Print the data verbatim. Leave every image out.

THE DATA:
· · · ·
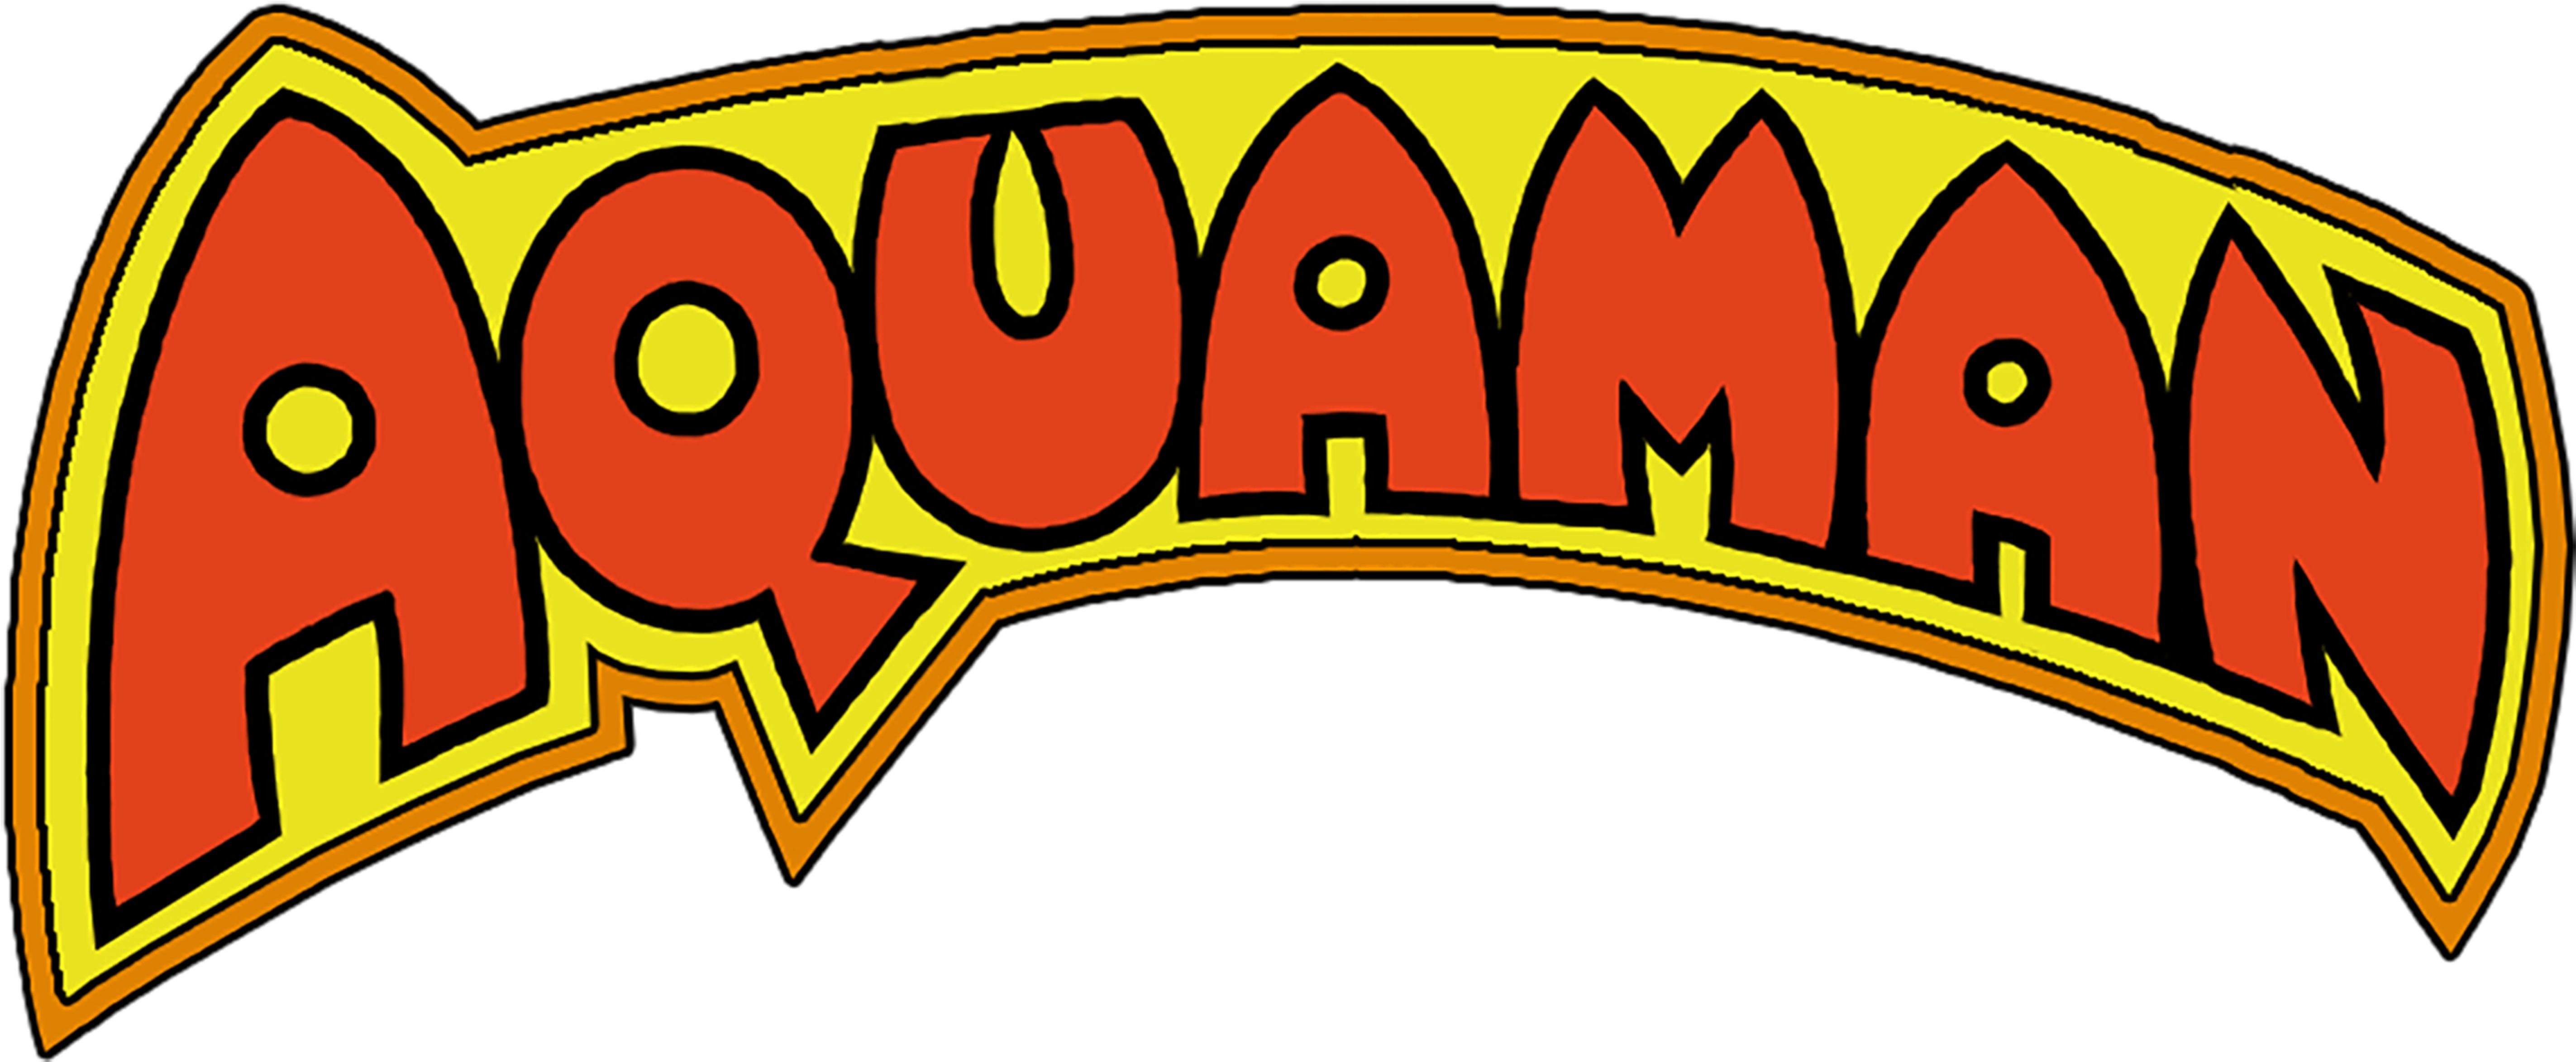 Aquaman (3 DVDs Box Set)
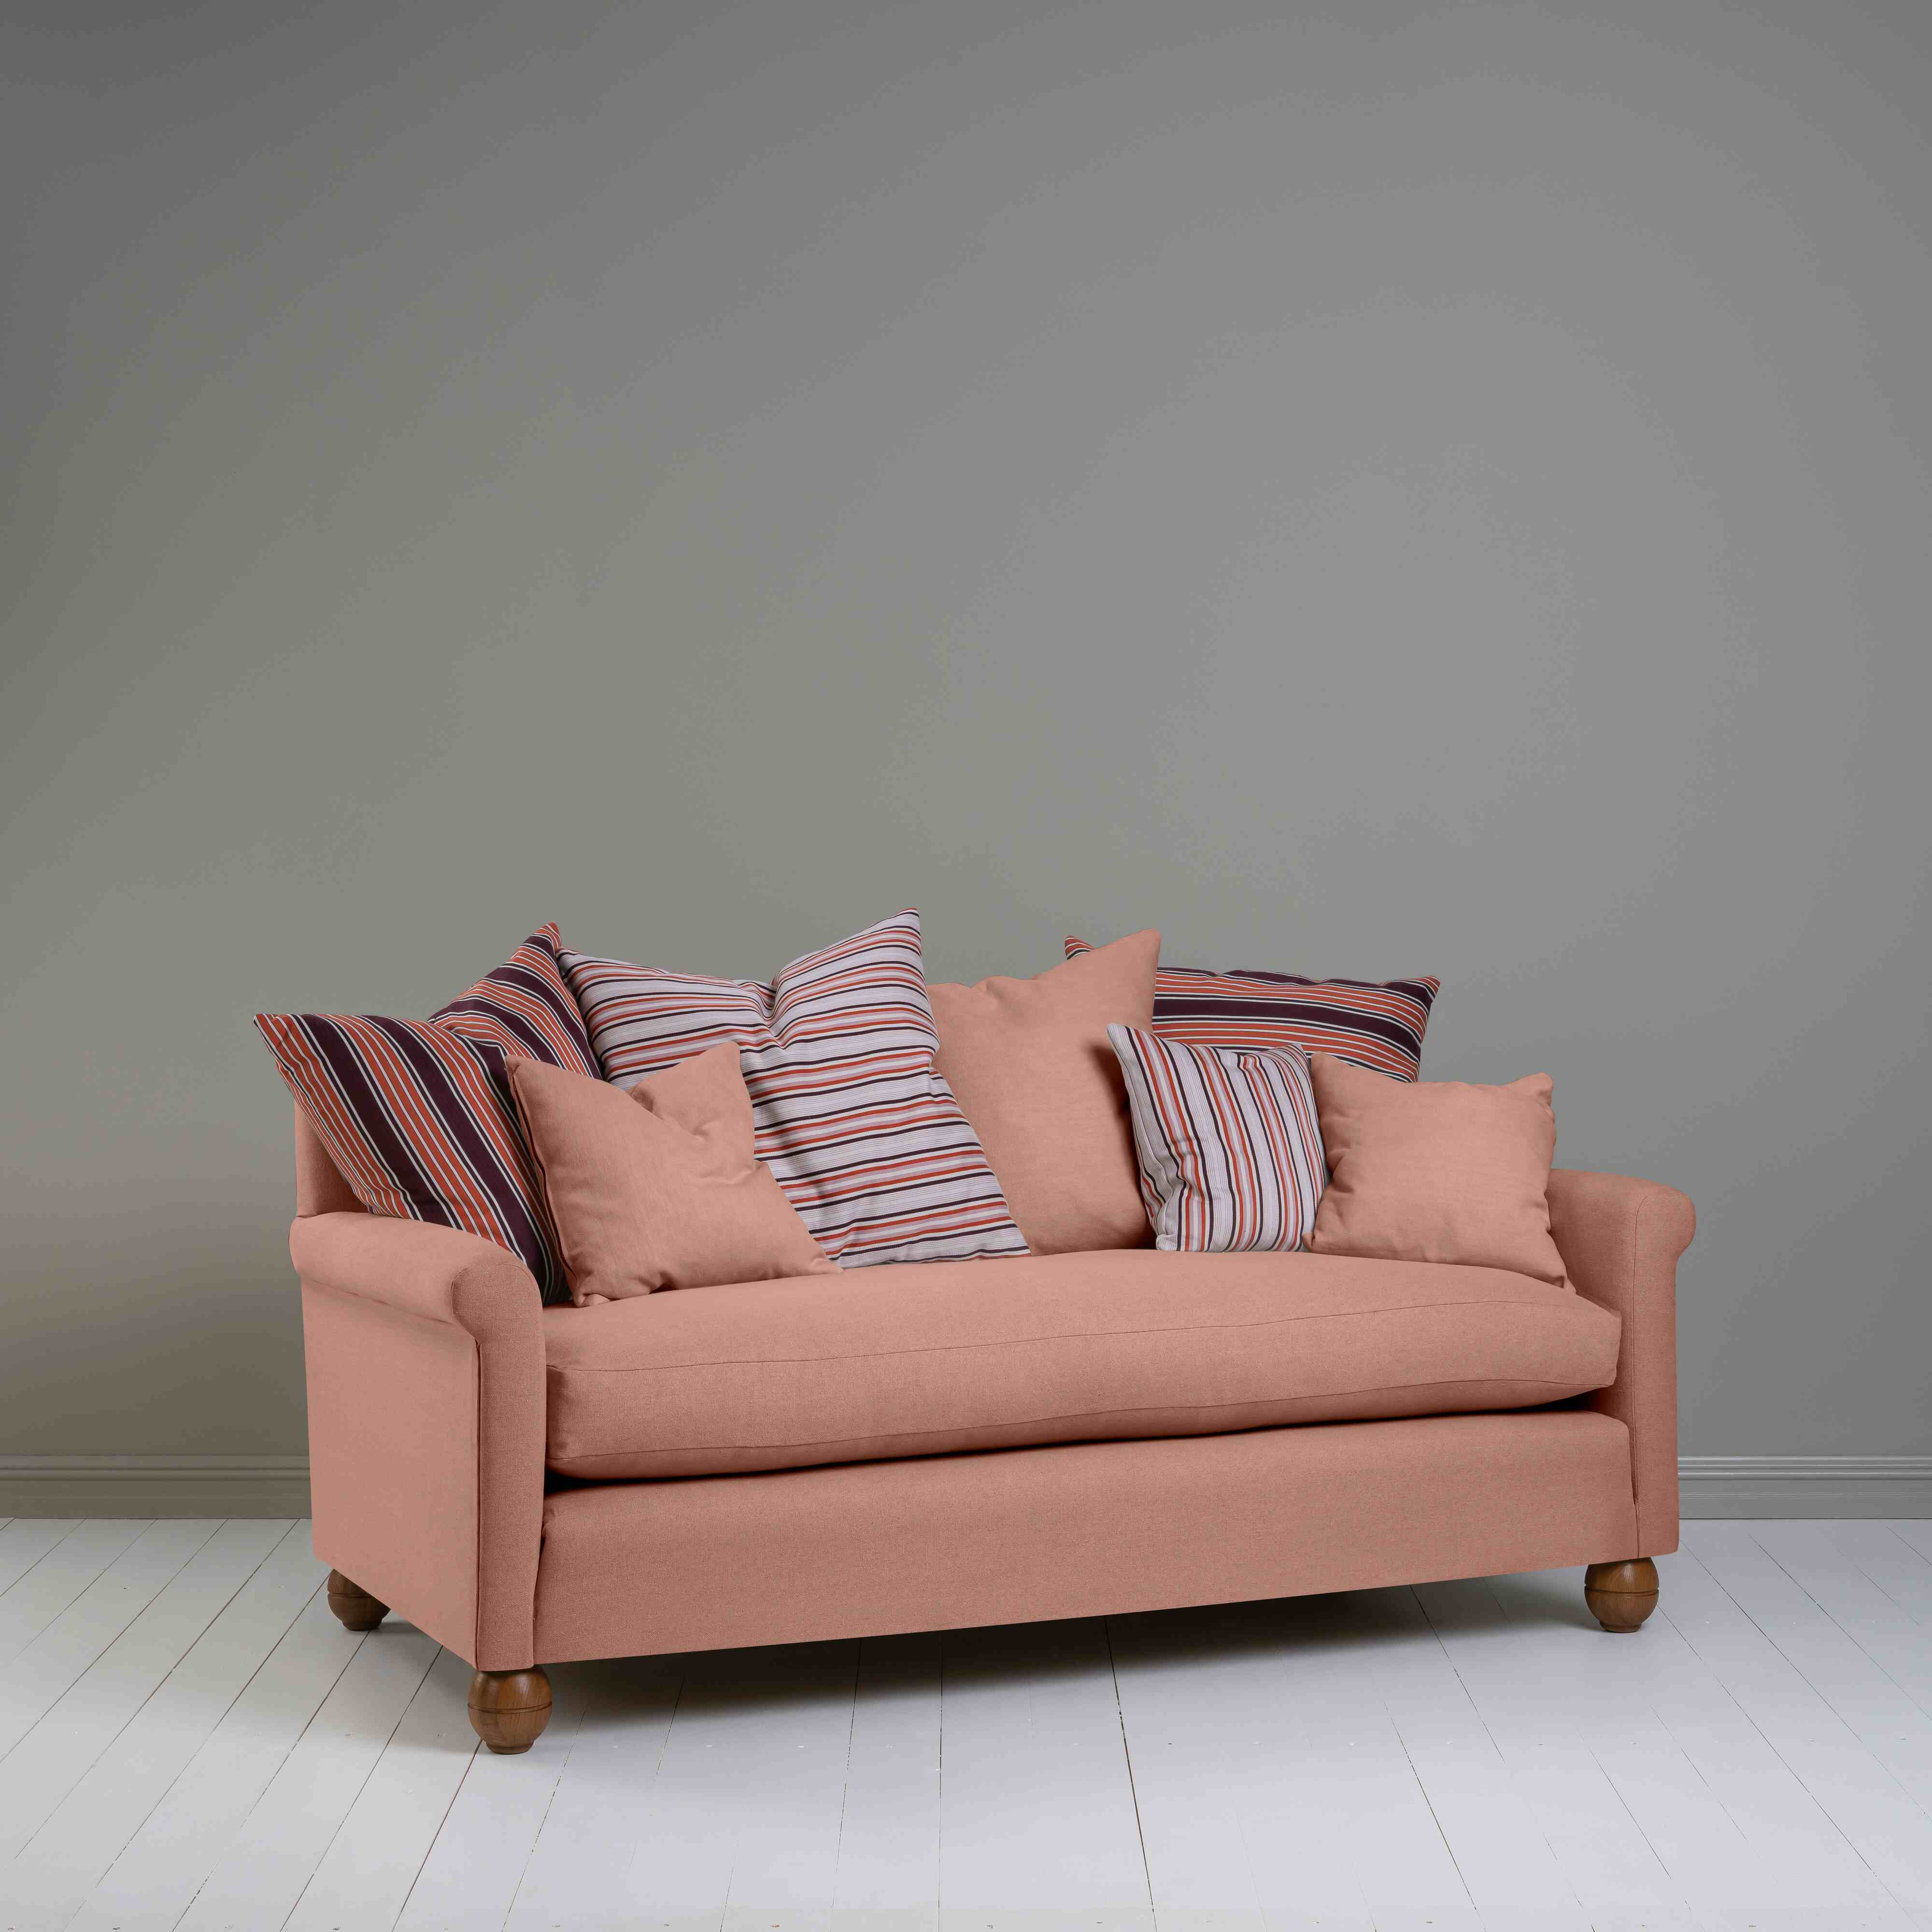  Idler 3 Seater Sofa in Laidback Linen Roseberry 
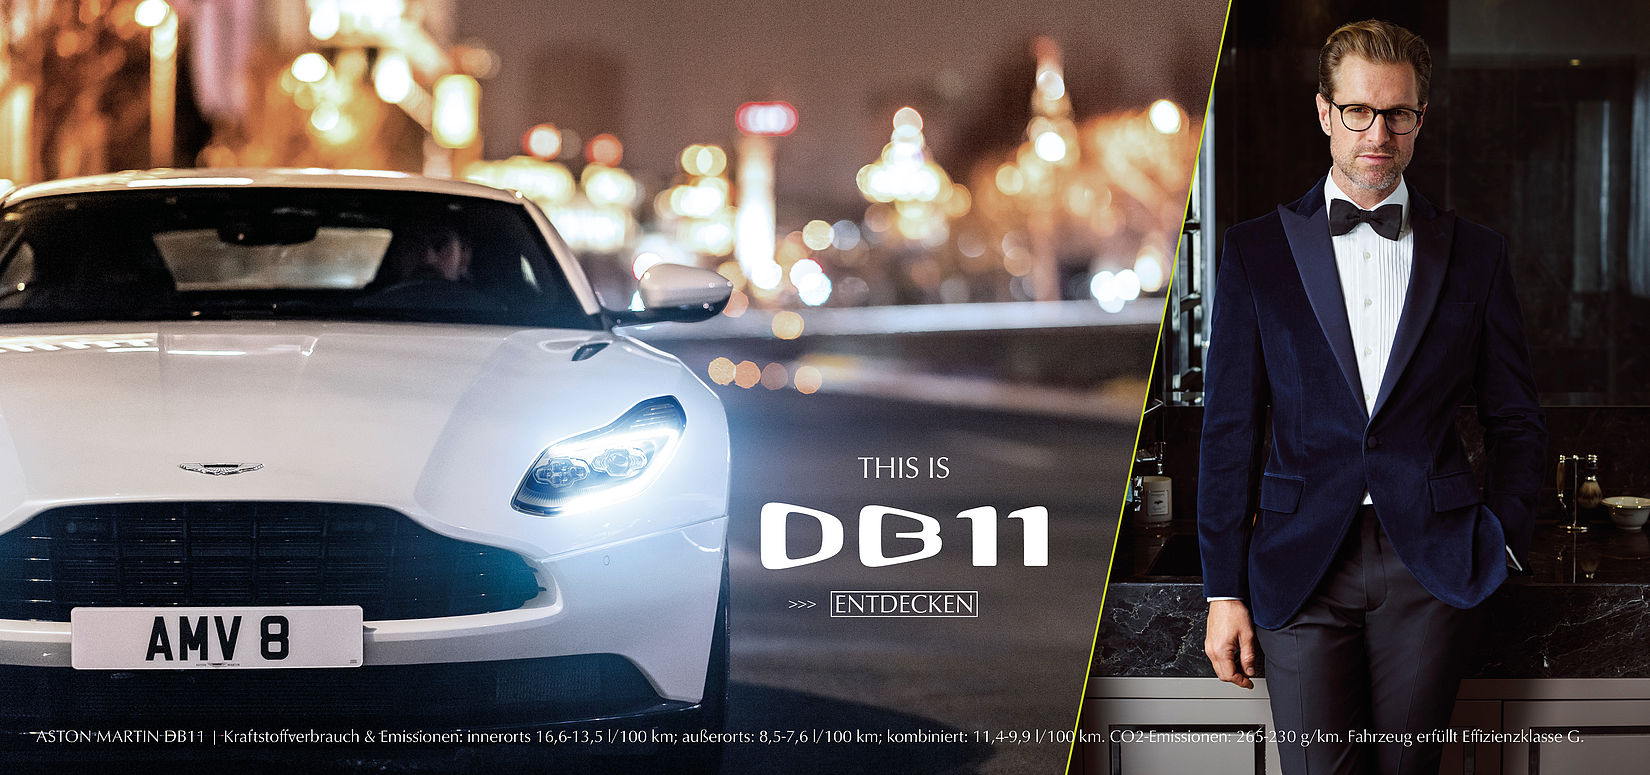 THIS IS DB11 - Jetzt den Aston Martin DB11 entdecken.
· · · ·
WRITTEN SOLUTION:
 Aquaman (3 DVDs Box Set)
  Idler 3 Seater Sofa in Laidback Linen Roseberry 
 THIS IS DB11 - Jetzt den Aston Martin DB11 entdecken.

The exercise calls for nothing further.